This defensive strategy is often referred to as "bait and switch". In this case, when the two players the defenders are covering are standing close to each other in the stack, one defender will move over to cover them deep, and the other will move slightly more towards the thrower. When one of the receivers makes a deep cut, the first defender picks them up, and if one makes an in-cut, the second defender covers them. The defenders communicate and switch their marks if their respective charges change their cuts from in to deep, or vice versa. The clam can also be used by the entire team, with different defenders covering in cuts, deep cuts, break side cuts, and dump cuts.

The term "junk defense" is also often used to refer to zone defenses in general (or to zone defense applied by the defending team momentarily, before switching to a match defense), especially by members of the attacking team before they have determined which exact type of zone defense they are facing.

==== Bracket ====
Bracket defenses are almost exclusively used on vertical stack offences, and incorporate elements of both zone and match defence. In bracket defense, the handlers are covered by match defence, and the only changes are when marking the cutters.

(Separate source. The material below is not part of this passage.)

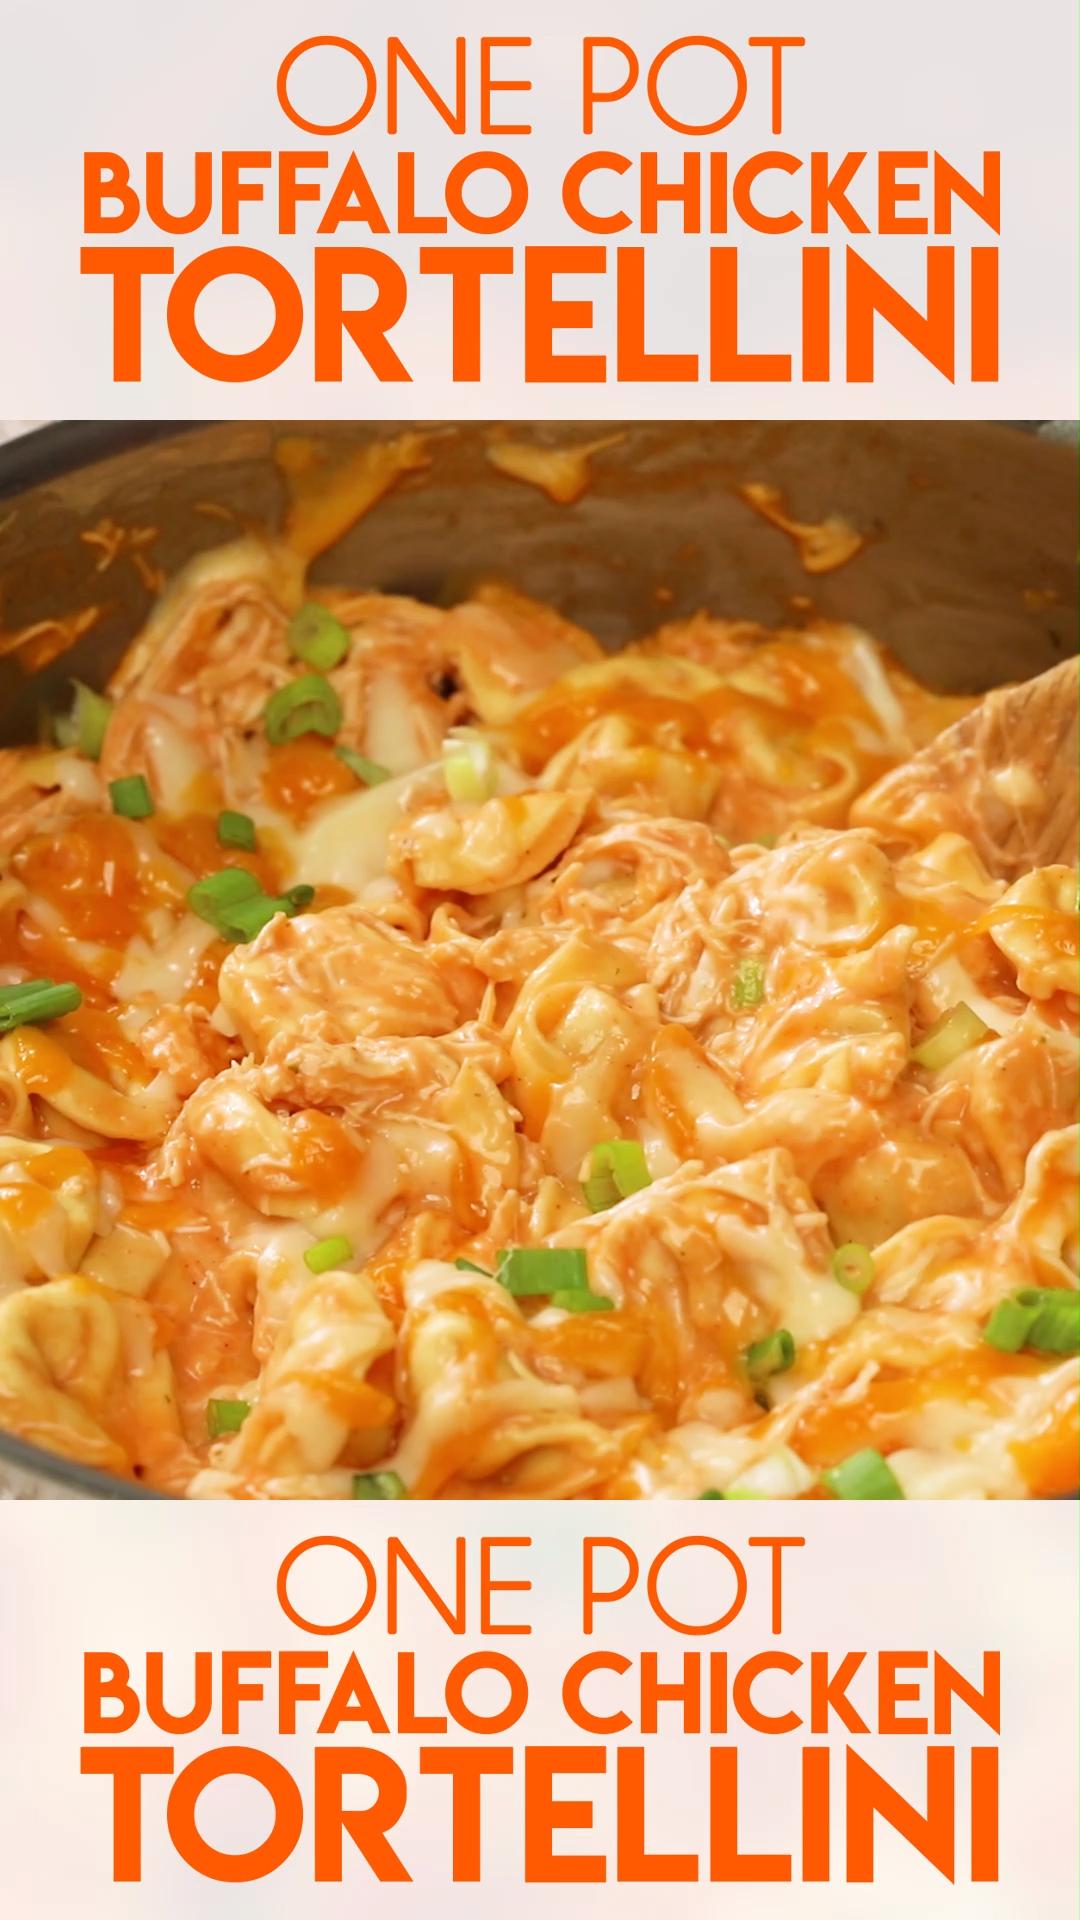 One Pot Buffalo Chicken Tortellini

Once the stack has set up, one player (the "deep" or "monster") will set up a defence on the back of the stack. Simultaneously, a defensive player (known as the "under") will set up between the front of the stack and the handler with the disc. The rest of the defence will set up a match defence on the players in the stack. When play begins, any cutters who try to go for a long throw will be covered by the "deep", and any cutters who try to go towards the handler will be covered by the "under". This defence attempts to force the offence into 1-on-1 situations with the strongest defensive players.

====Hasami====
Hasami, the Japanese word for "scissors", is a popular hybrid person/zone defense used by the Japanese women's team who won gold at WUGC 2012. The name refers to the method of using two pairs of defenders to cut the area downfield into sections, with defenders responsible for space "under" (nearer the disc) and "away" (towards the end zone), and also the left and right areas of the field. Defenders rely on visual and verbal communication to switch and cover the offensive threats between them. Hasami forms the basis of most Japanese style zone defences.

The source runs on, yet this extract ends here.